■ Your task
Would you reproduce the whole listing exactly, minus its images?

*** Data provided ***

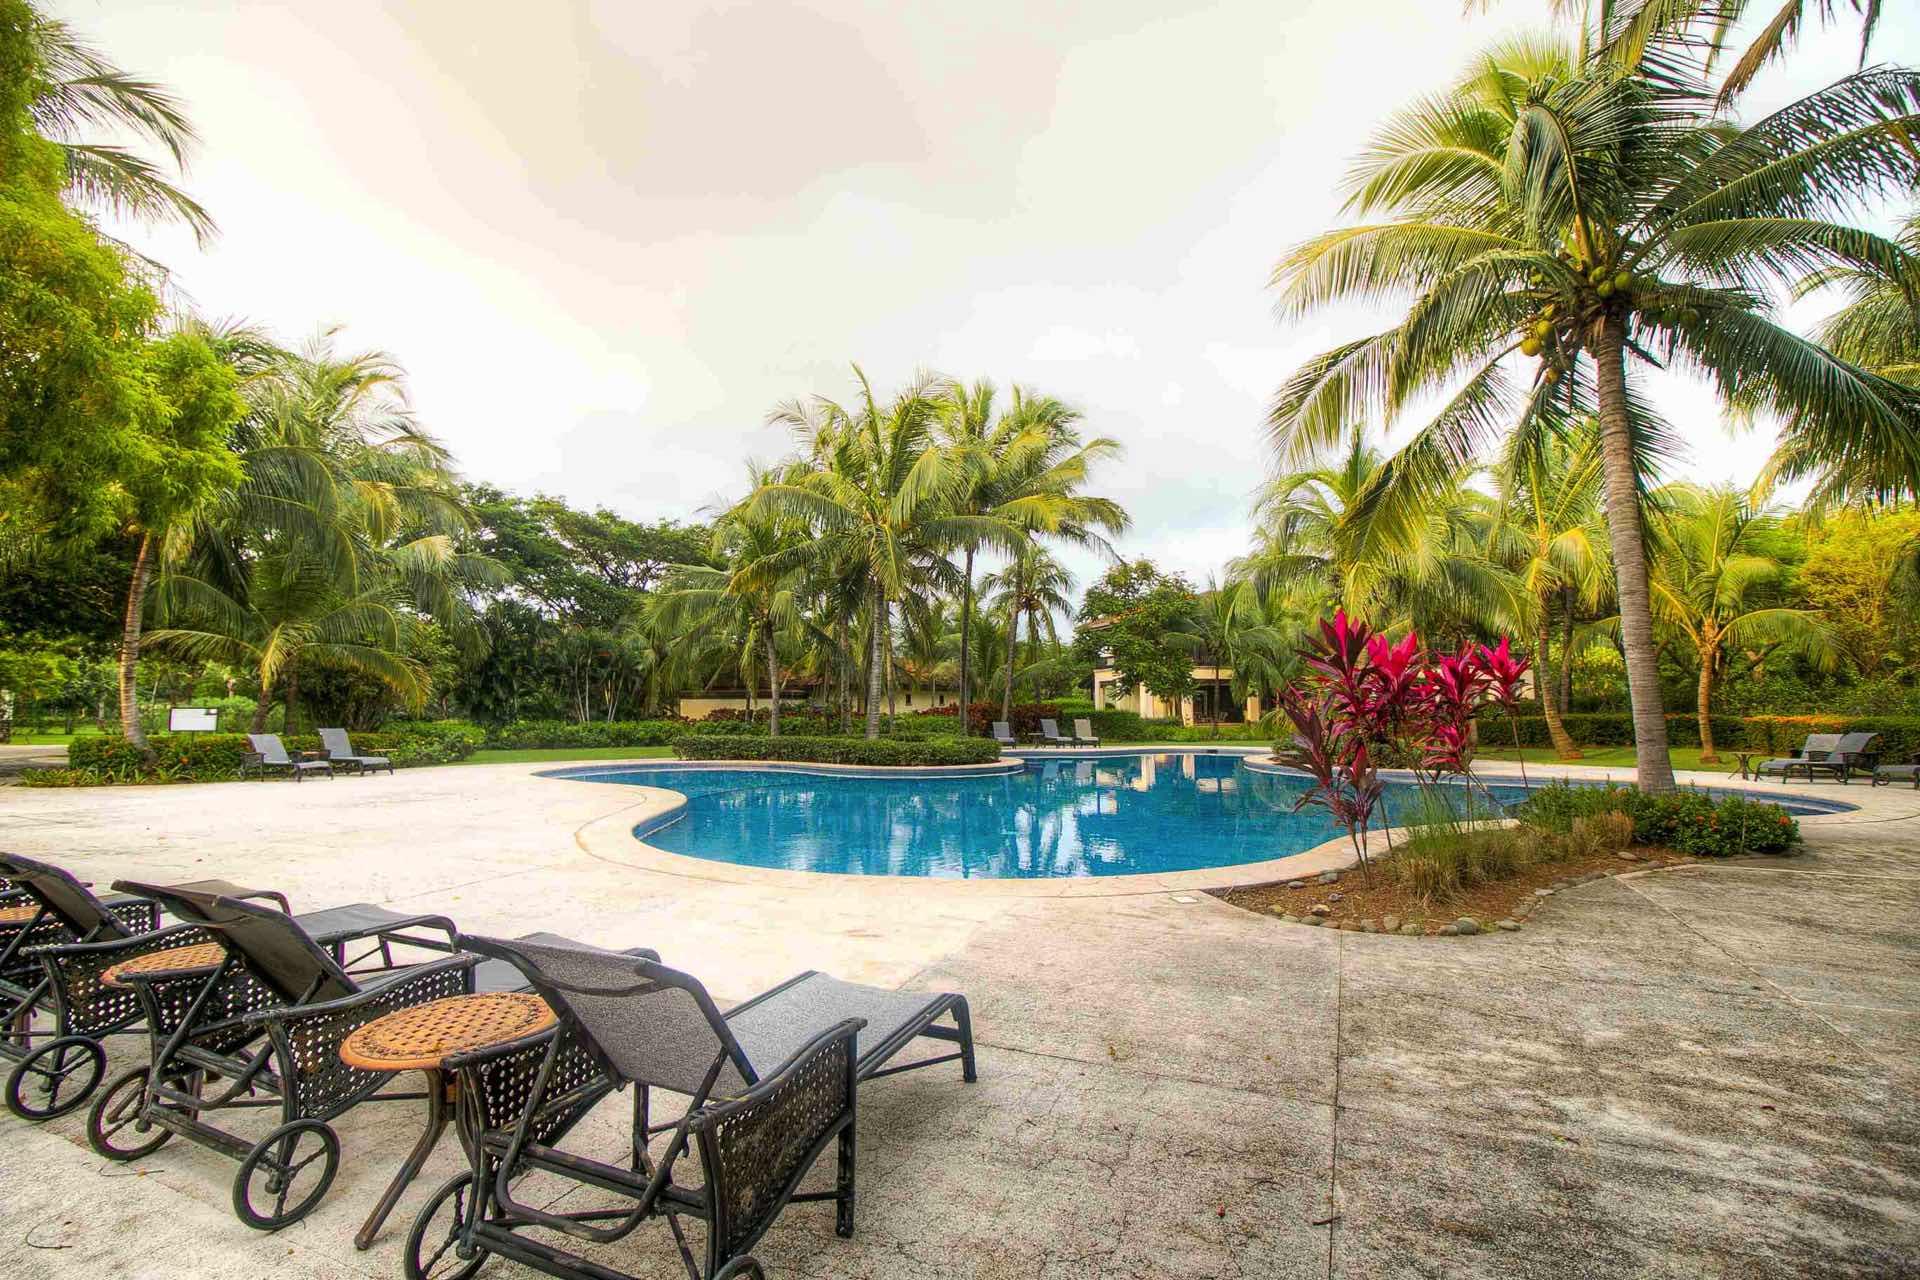 Resort pool shared by Villa Mansita
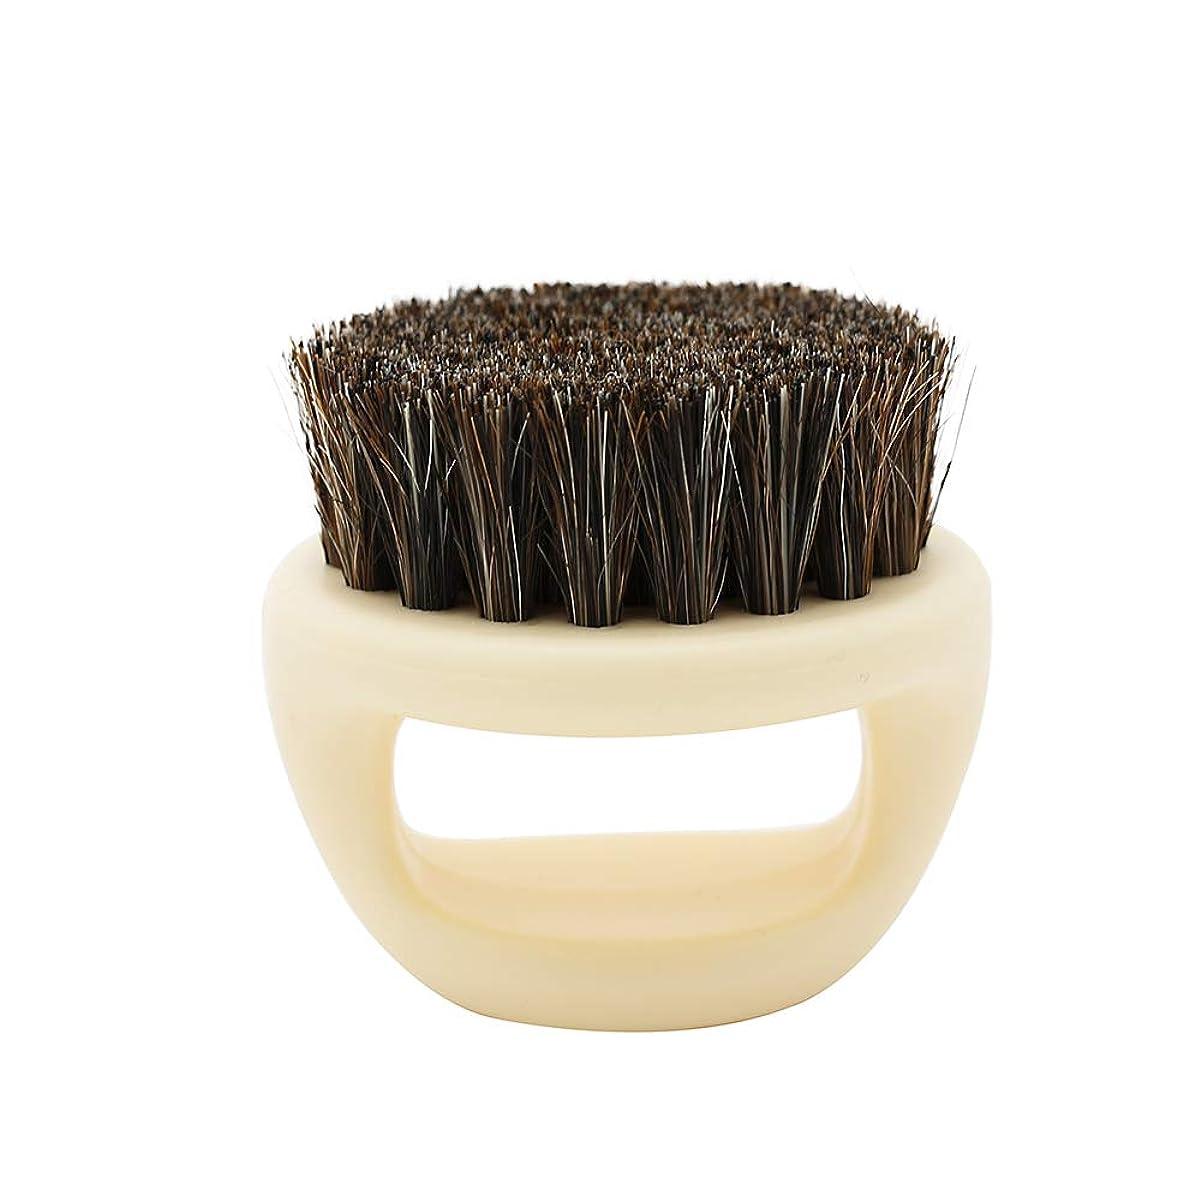 夢中反対はちみつRETYLY 1個リングデザイン馬毛メンズシェービングブラシプラスチック製の可搬式理容ひげブラシサロンフェイスクリーニングかみそりブラシ(ホワイト)
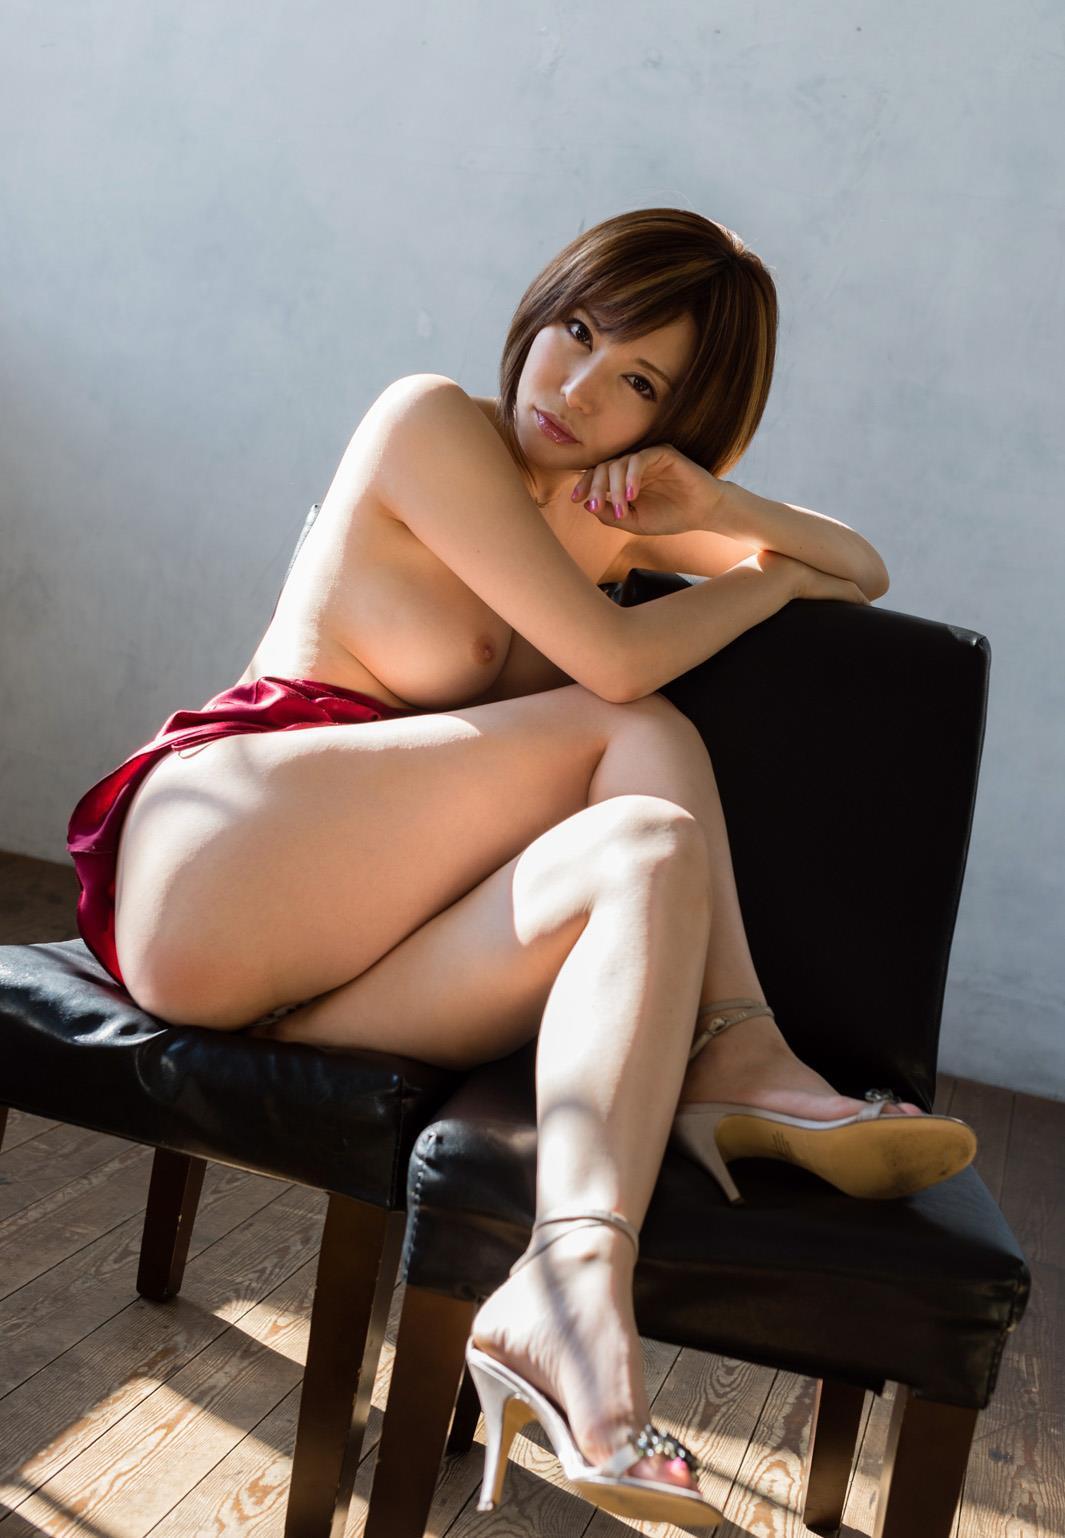 里美ゆりあ(小泉彩) ヌード画像 16
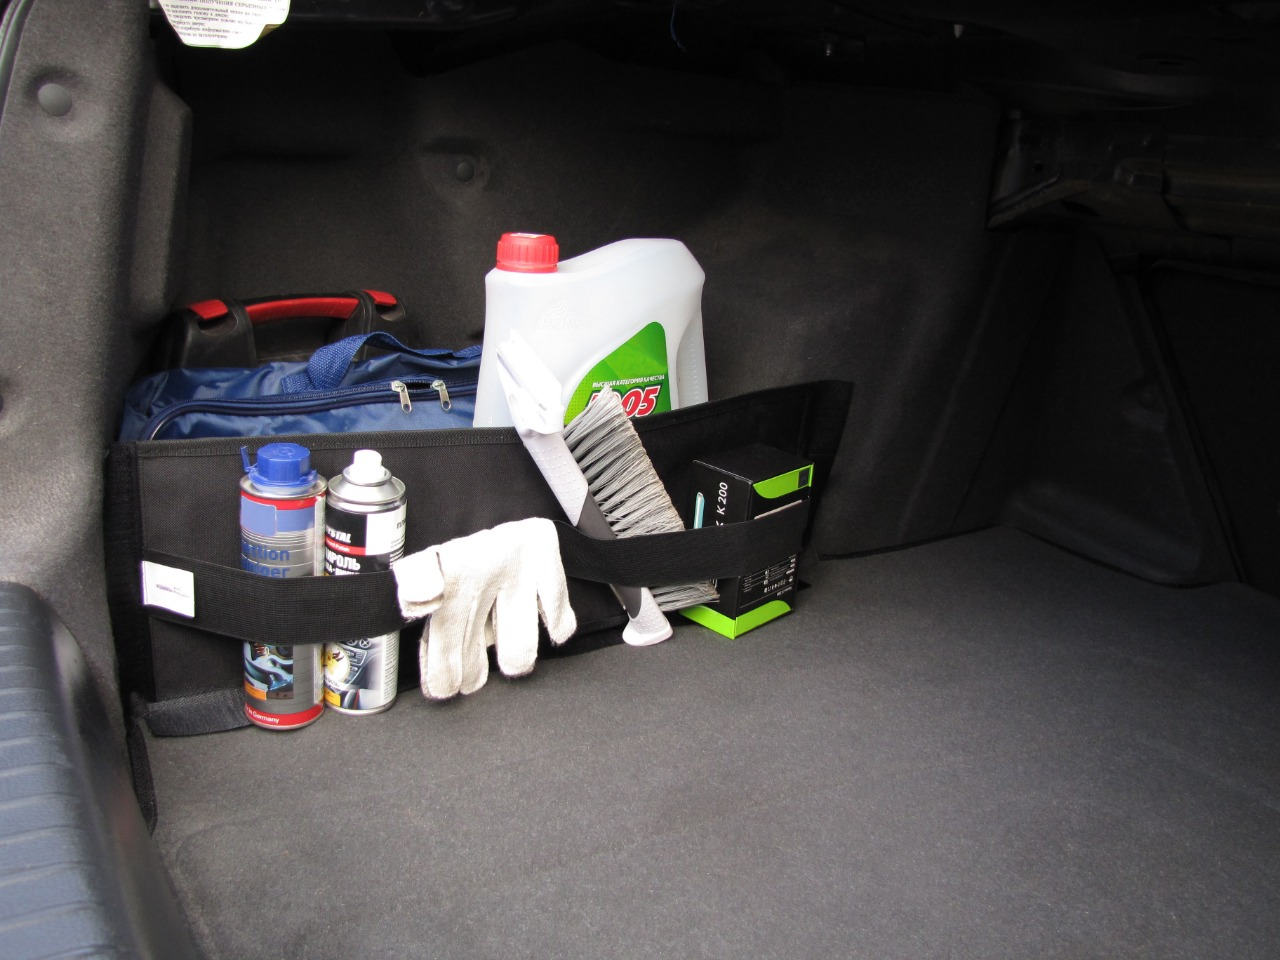 Сетка для ниш в багажник автомобиля AvtoPoryadok

***

■ Written answer
 Resort pool shared by Villa Mansita
 夢中反対はちみつRETYLY 1個リングデザイン馬毛メンズシェービングブラシプラスチック製の可搬式理容ひげブラシサロンフェイスクリーニングかみそりブラシ(ホワイト)
 里美ゆりあ(小泉彩) ヌード画像 16
 Сетка для ниш в багажник автомобиля AvtoPoryadok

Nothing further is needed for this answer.